Ericsson Partners Microsoft Connected Vehicles Platform: Ericsson ERIC announced that it has teamed up with Microsoft MSFT to provide a comprehensive platform for scale-up of connected vehicles to the market. The Swedish firm is developing its Connected Vehicle Cloud together with Microsoft's Connected Vehicle Platform (MCVP).
MCVP enables auto companies to accelerate the delivery of secure, personalized, connected driving experiences. Includes hyper scaling, global availability, and regulatory compliance that comes with Microsoft Azure. In tapping into their distinct experience, Ericsson and Microsoft are intent on helping car makers expand their global connected vehicle solutions and provide a better driver and passenger experience.
The combined solution makes it easy for automakers to implement convenient vehicle services such as fleet management, over-the-air software updates and properly-connected security services while minimizing costs. Notably, Ericsson's cloud of connected vehicles connects more than 4 million vehicles in 180 countries, accounting for almost 10% of the global connected car market. The platform has been modified to meet the growing demand for scalability and flexibility for car makers along with connected vehicle service.
Ericsson Partners Microsoft Connected Vehicles Platform
Ericsson's latest Mobility Report, released in November, forecasts 5G global subscriptions to exceed $ 2.6 billion in the next six years, thanks to sustained momentum and a rapidly evolving ecosystem. The report states that 5G will cover up to 65% of the world's population by the end of 2025 and will handle 45% of the world's mobile data traffic. The average monthly smartphone data traffic is expected to increase from the current figure of 7.2 GB to 24 GB by 2025, supported by consumer behavior as a virtual reality stream.
Ericsson has more than 75 5G commercial agreements with communication service providers, of which 23 are live networks. An estimated 13 million 5G subscriptions are expected by the end of 2019. Network deployments are likely to increase by 2020, laying the groundwork for the mass adoption of 5G subscriptions.
In addition, growth in 5G subscription is expected to be significantly faster than in LTE. North America is likely to adopt faster, with 74% of 5G mobile subscriptions projected by 2025. Northeast Asia is projected to continue to 56%, with Europe with 55%.
In the Networking business (which accounts for most of total sales), Ericsson's ongoing activities include investing in R&D to safeguard a leading product portfolio and cost leadership; increase investments in automation and service capacity while reducing costs; and selectively gain market shares based on technology and cost competitiveness.

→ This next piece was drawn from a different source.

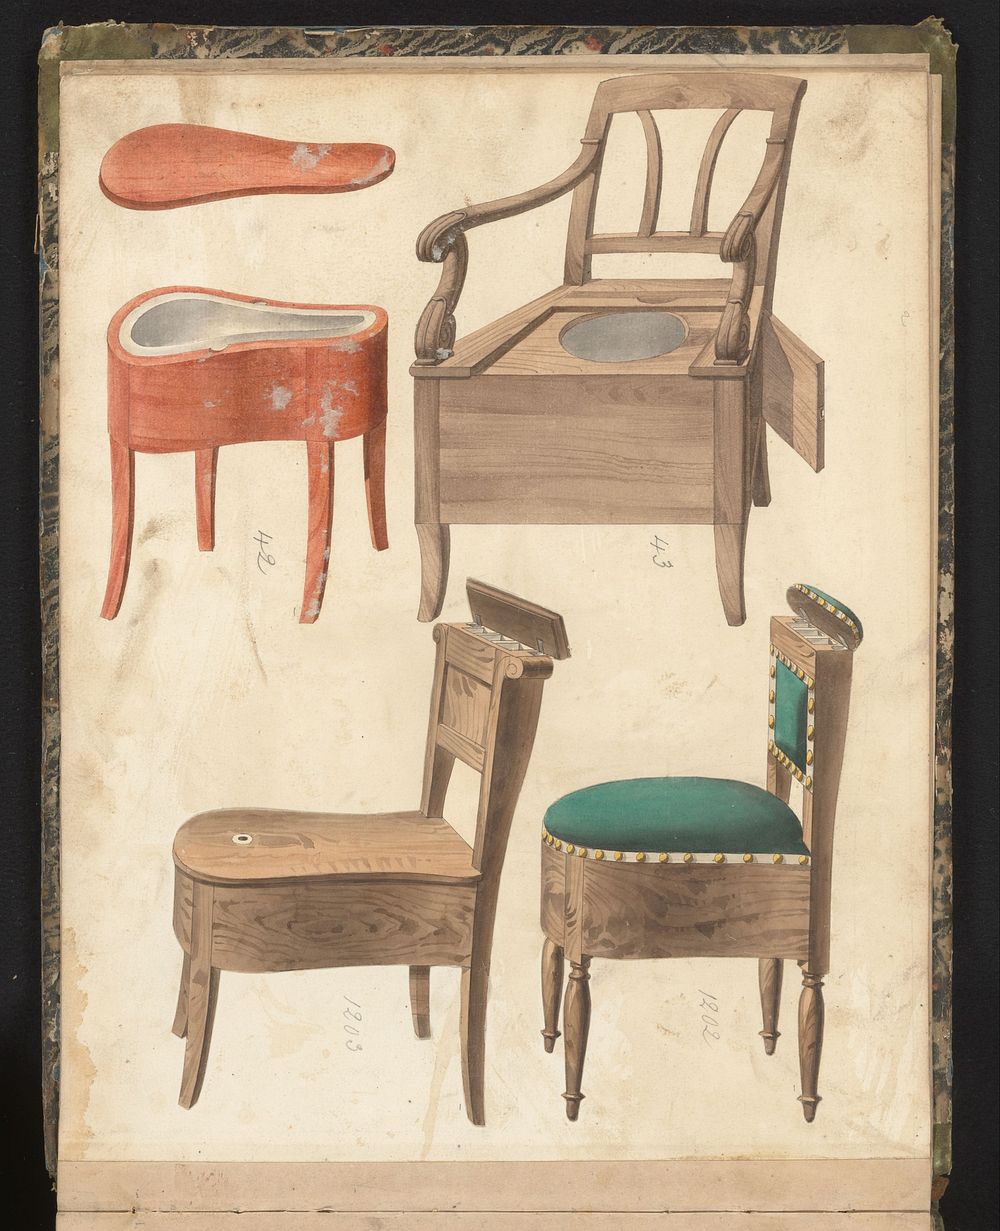 Vier ontwerpen voor wc-meubelen (c. 1825 - c. 1839) by anonymous

In October, the company completed its acquisition of Kathrein's Antenna and Filter Business, to expand its portfolio of radio systems with new products and capabilities. Ericsson continues to execute its strategy and is on track to reach its financial goals by 2020. It has been working with carriers to help modernize its network, while optimizing many opportunities.
Ericsson shares have gained 6.4% compared to the industry growth of 5% in the last three months. Zacks Consensus Estimate For This Year's Earnings has been revised up 25.7% over the past 90 days.
Ericsson currently has a Zacks Rank # 2 (Buy) and a VGM Score of B.
Some other best-rated stocks in the industry are Qualcomm Incorporated QCOM and Ubiquiti Inc. UI, each with a Zacks Rank # 1 (Strong Buy). You can see the full list of stocks in the Zacks rankings n. ° 1 here.
Qualcomm expects long-term earnings growth of 14%.
Ubiquiti has long-term earnings growth expectation of 9.4%.